Che succede con il rialzo dei tassi Bce all'1,25%


Ieri la Banca centrale europea, come ampiamente previsto, ha deciso un aumento del tasso base dall'1 all'1,25%: il presidente della Bce Jean Claude Trichet ha spiegato che il rialzo serve a tenere a bada l'inflazione, ma che comunque anche così i tassi restano molto bassi. Ma che succede in pratica per tutti noi?

Il primo pensiero corre subito ai mutui, specie quelli a tasso variabile. Secondo la Cgia di Mestre le famiglie italiane che hanno un mutuo casa sottoscritto a tasso variabile si troveranno a pagare in media 132 euro in più: onestamente non ho capito se intendano all'anno o calcolando tutta la durata del mutuo.
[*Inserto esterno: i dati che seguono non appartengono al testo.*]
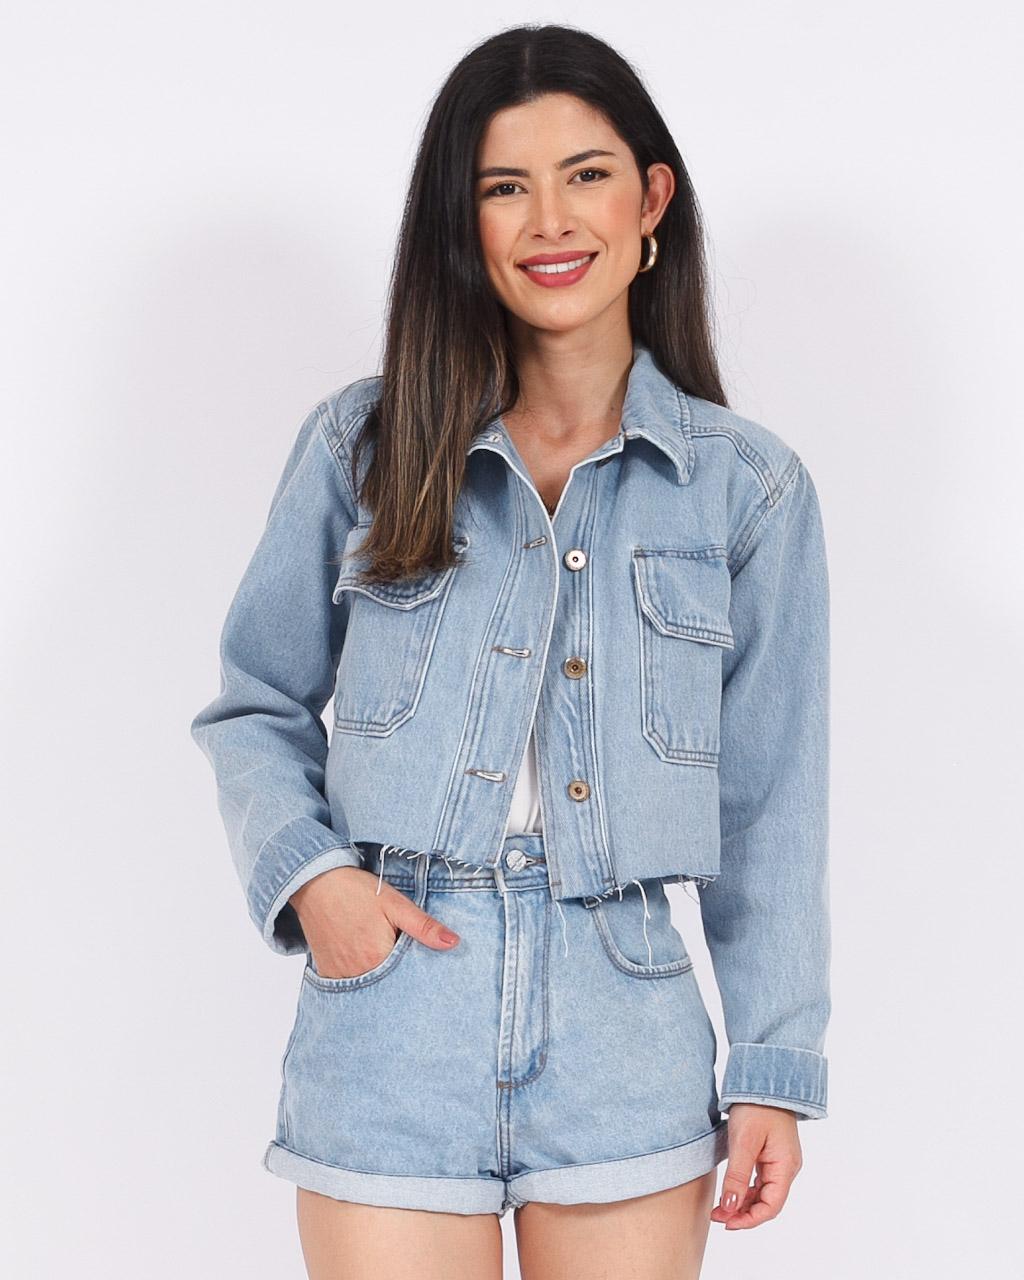 Jaqueta Jeans Cropped Bolso Chanfrado

In ogni caso non è proprio vero che l'aumento deciso dalla Bce ha un impatto diretto sui mutui: la maggior parte di essi, infatti, è legata al tasso Euribor che si muove secondo le previsioni del mercato, ovviamente con un occhio attento alle dinamiche di Francoforte, ma in modo autonomo. Infatti, chi ha un mutuo in corso - magari collegato all'Euribor mensile - si sarà già accorto di un aumento: la decisione della Bce era ampiamente prevista e il mercato l'aveva già incorporata.

Date le parole di Trichet - secondo cui questo non è automaticamente il primo di una lunga serie di rialzi - non è detto che gli aumenti si debbano susseguire e in realtà uno 0,25 non comporta un aggravio importante; piuttosto bisognerà stare attenti agli spread applicati dalle banche e vigilare che non vengano ritoccati all'insù di pari passo con l'aumento dei tassi. Mentre questi, infatti, salgono e scendono nella vita di un mutuo lungo, lo spread rimane sempre lo stesso ed è bene accertarsi che non sia troppo alto.

Chi ha qualche soldo da parte, invece, dia un'occhiata alle nuove offerte dei conti deposito che dovrebbero ritoccare all'insù le remunerazioni in linea con l'aumento del tasso. Può essere l'occasione per spuntare condizioni un po' più favorevoli.